# Data shown:
▬▬▬▬▬▬

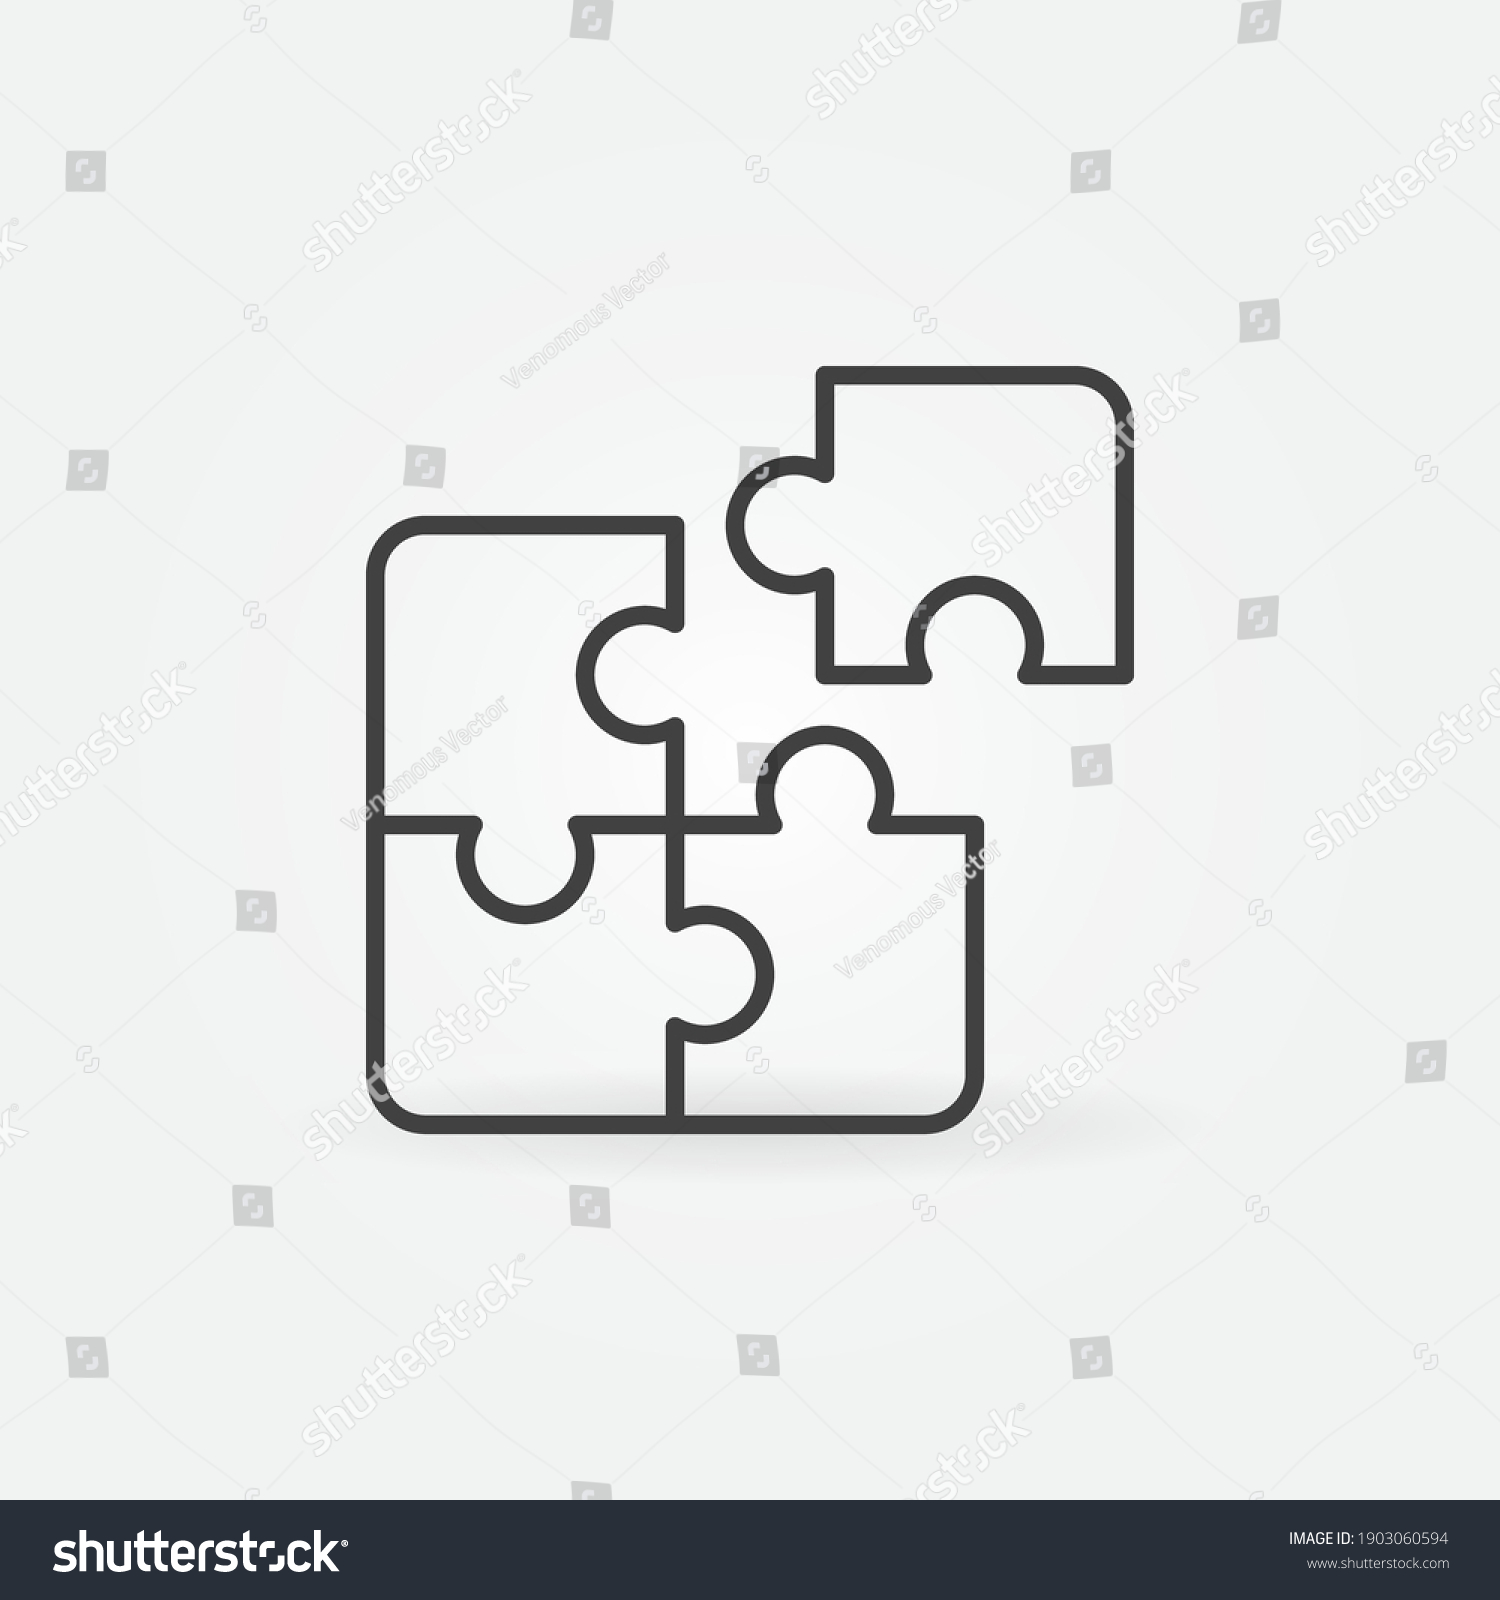 Puzzle Pieces vector concept simple icon or symbol in thin line style #1903060594
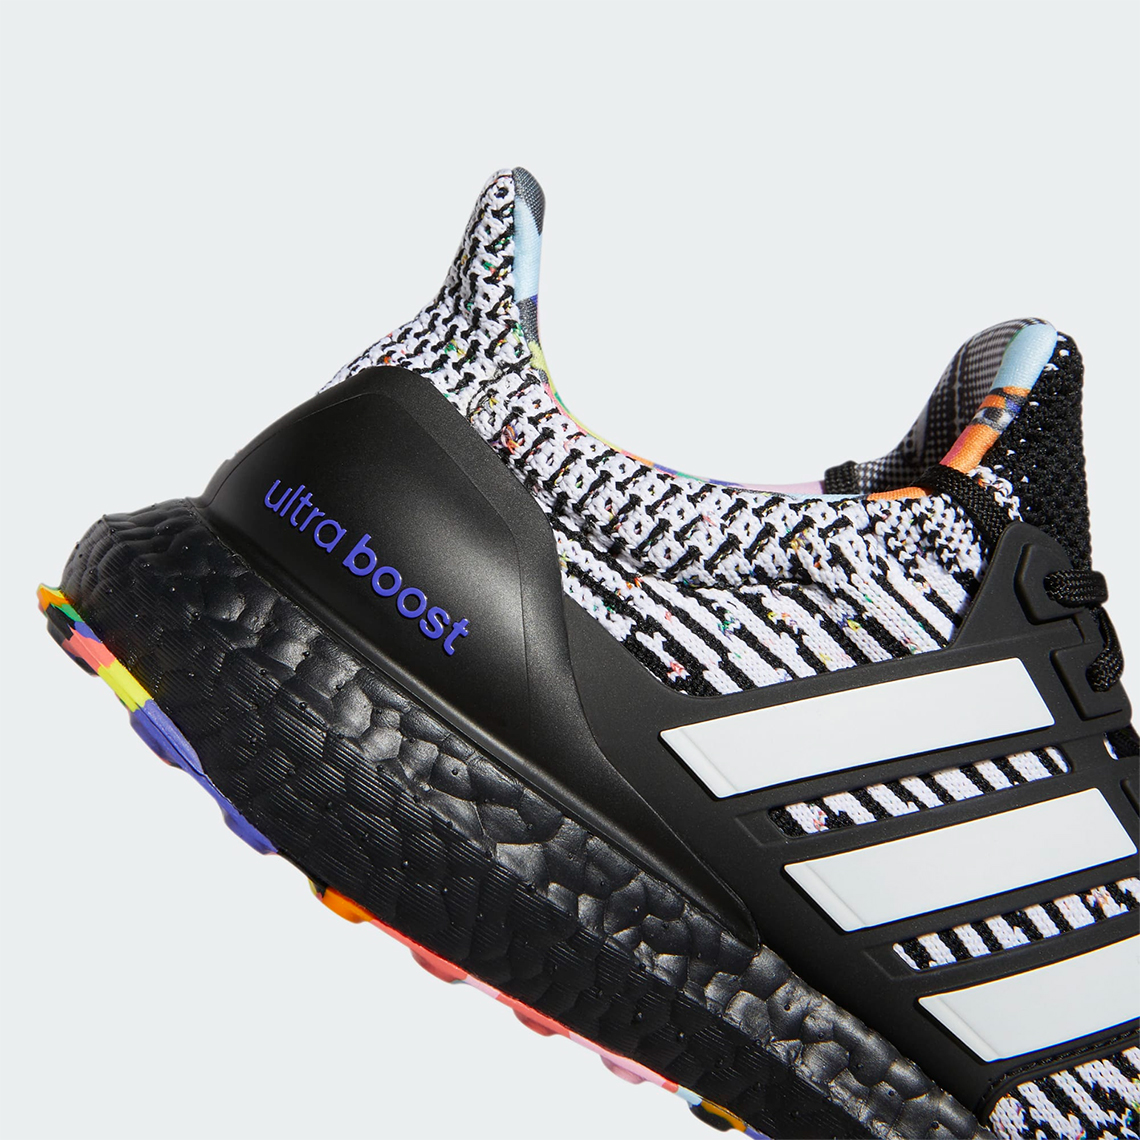 adidas ultraboost 5 dna pride month kris andrew gy4424 4
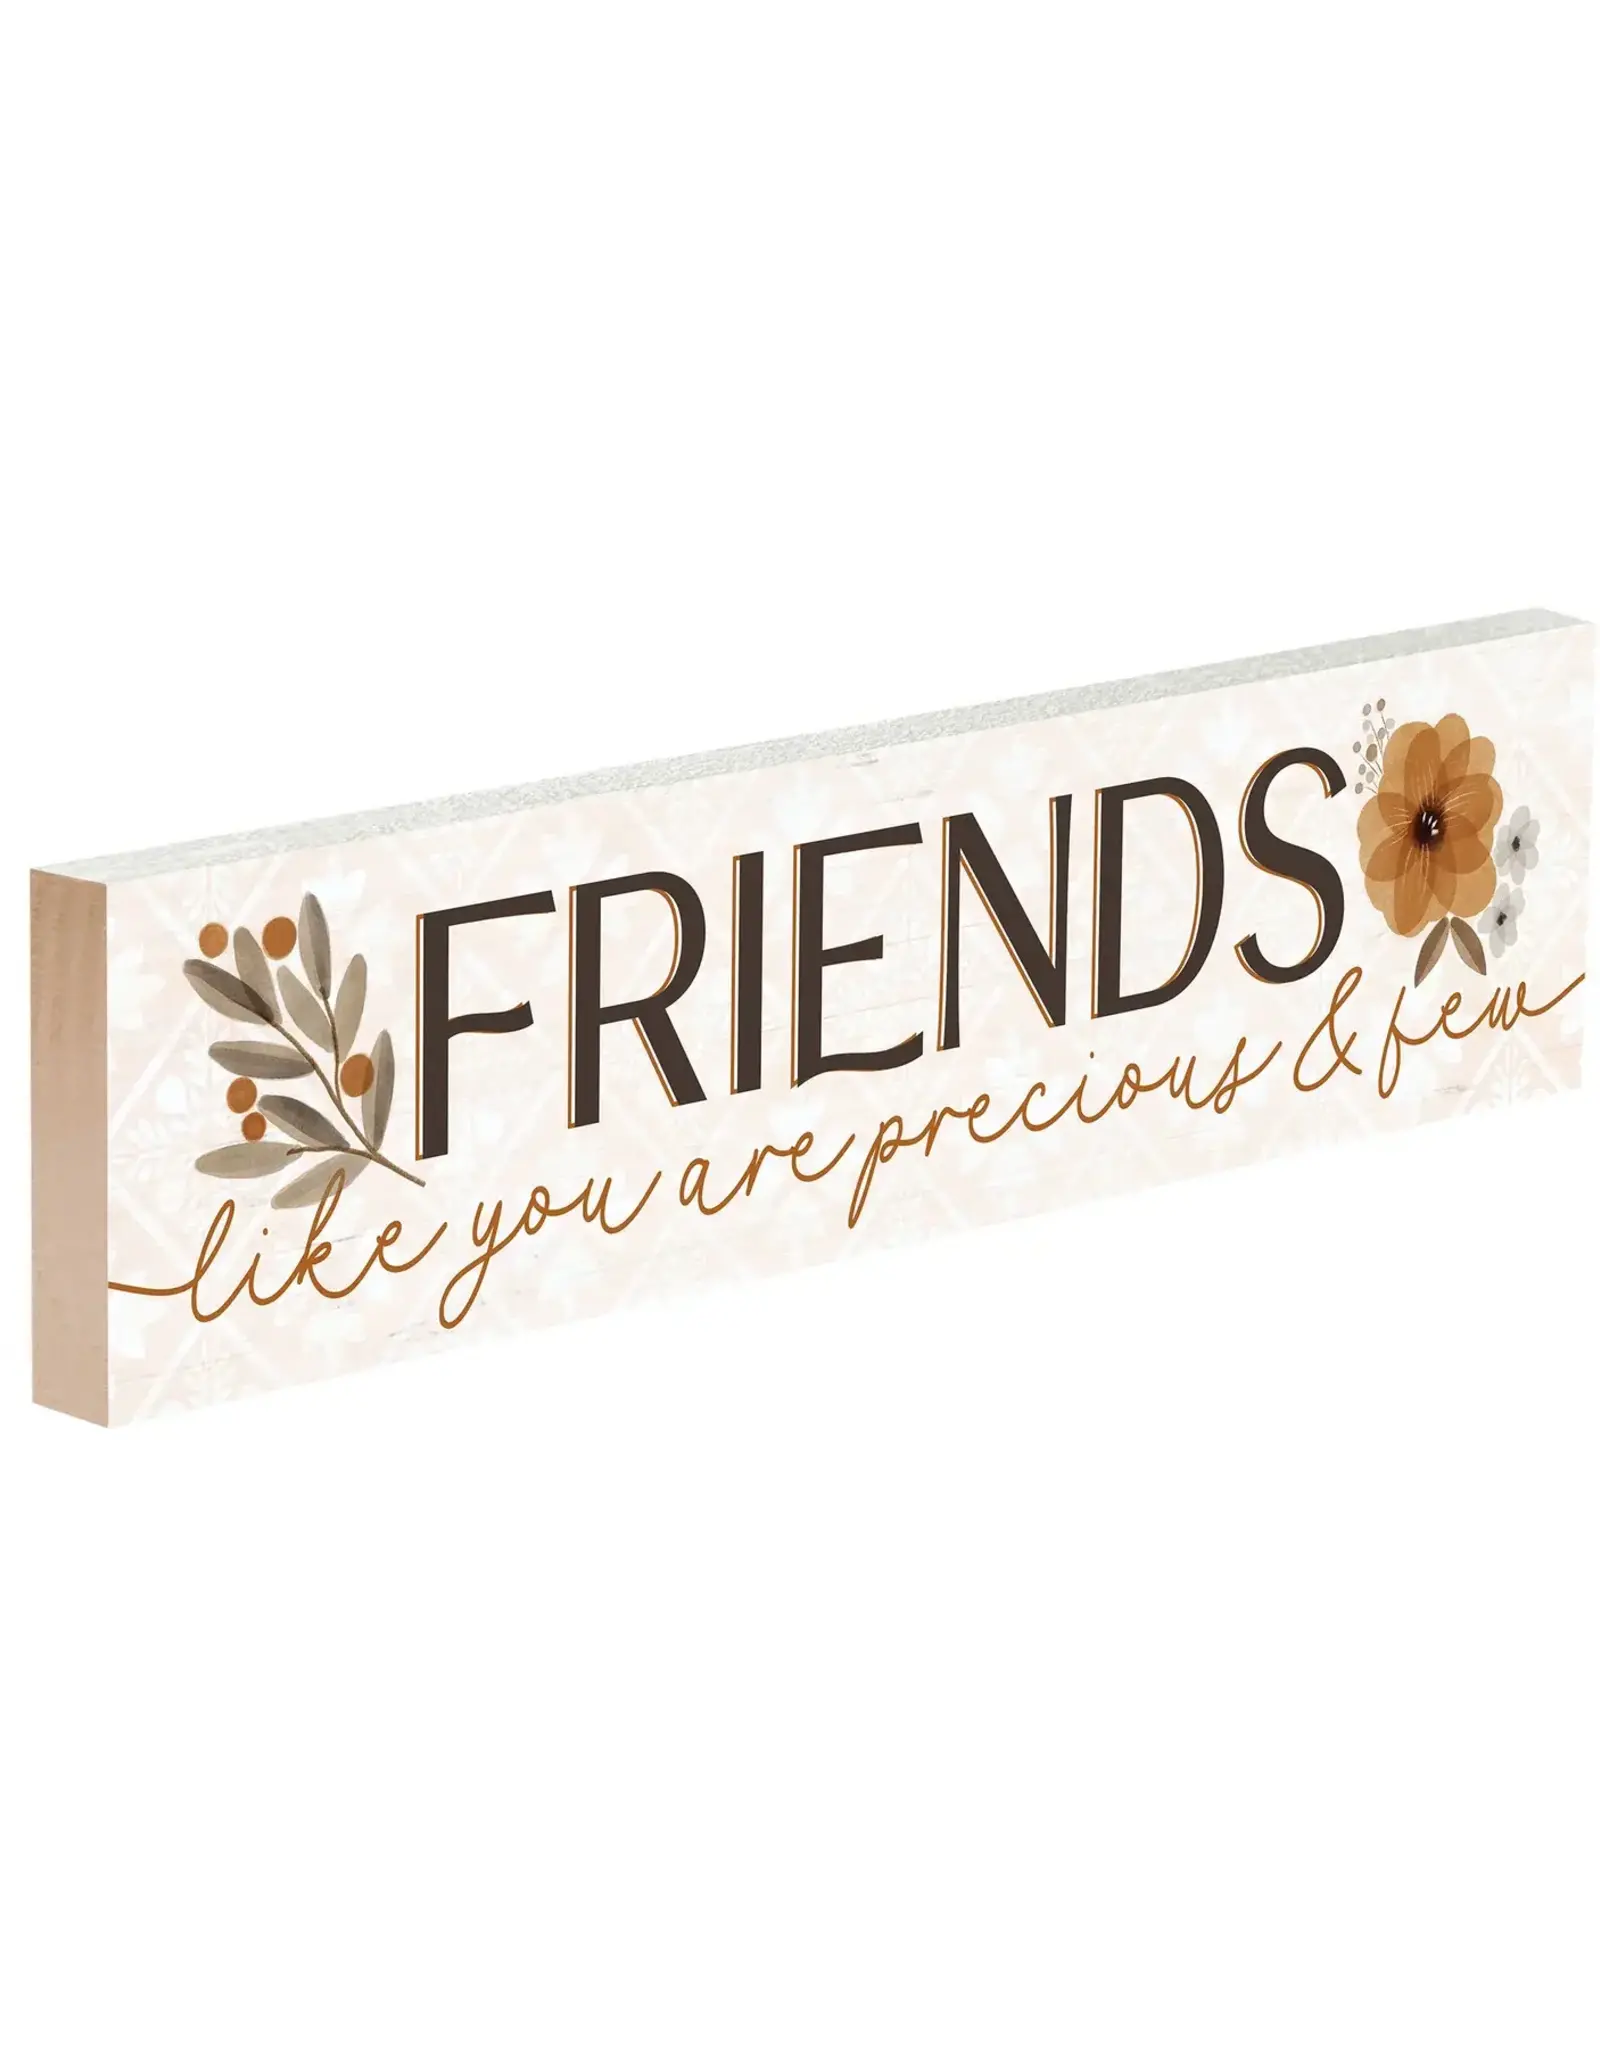 Friends Like You Are Precious And Few Wooden Sign
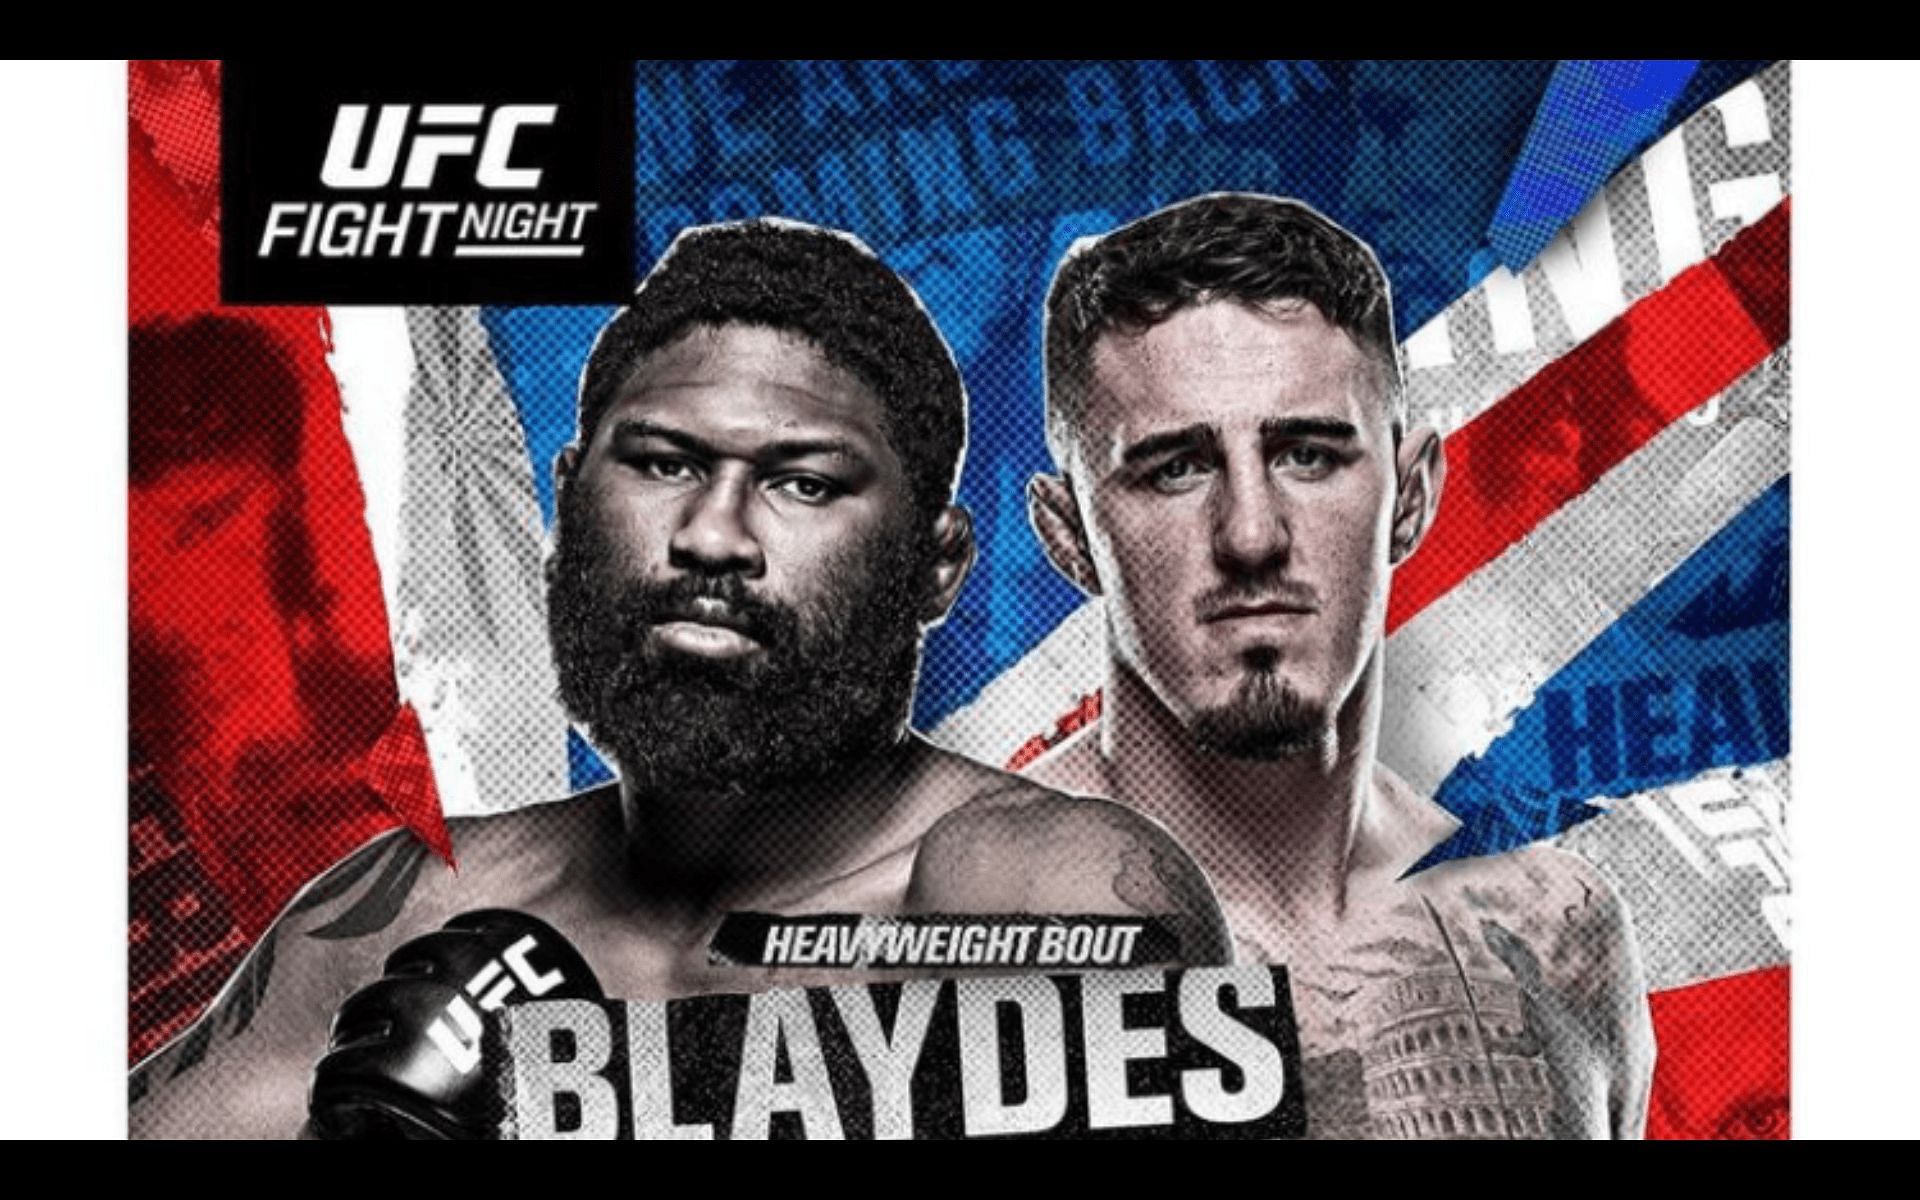 Curtis Blaydes (left) and Tom Aspinall (right) [Image Courtesy: @ufc on Instagram]

▬▬▬▬▬▬

# Your assignment:
Begin with the line containing "adidas ultraboost 5" and end with the last line of the material above; return exactly those lines, both ends included, and omit all pictures.

# Expected output:
 adidas ultraboost 5 dna pride month kris andrew gy4424 4
 Friends Like You Are Precious And Few Wooden Sign
 Curtis Blaydes (left) and Tom Aspinall (right) [Image Courtesy: @ufc on Instagram]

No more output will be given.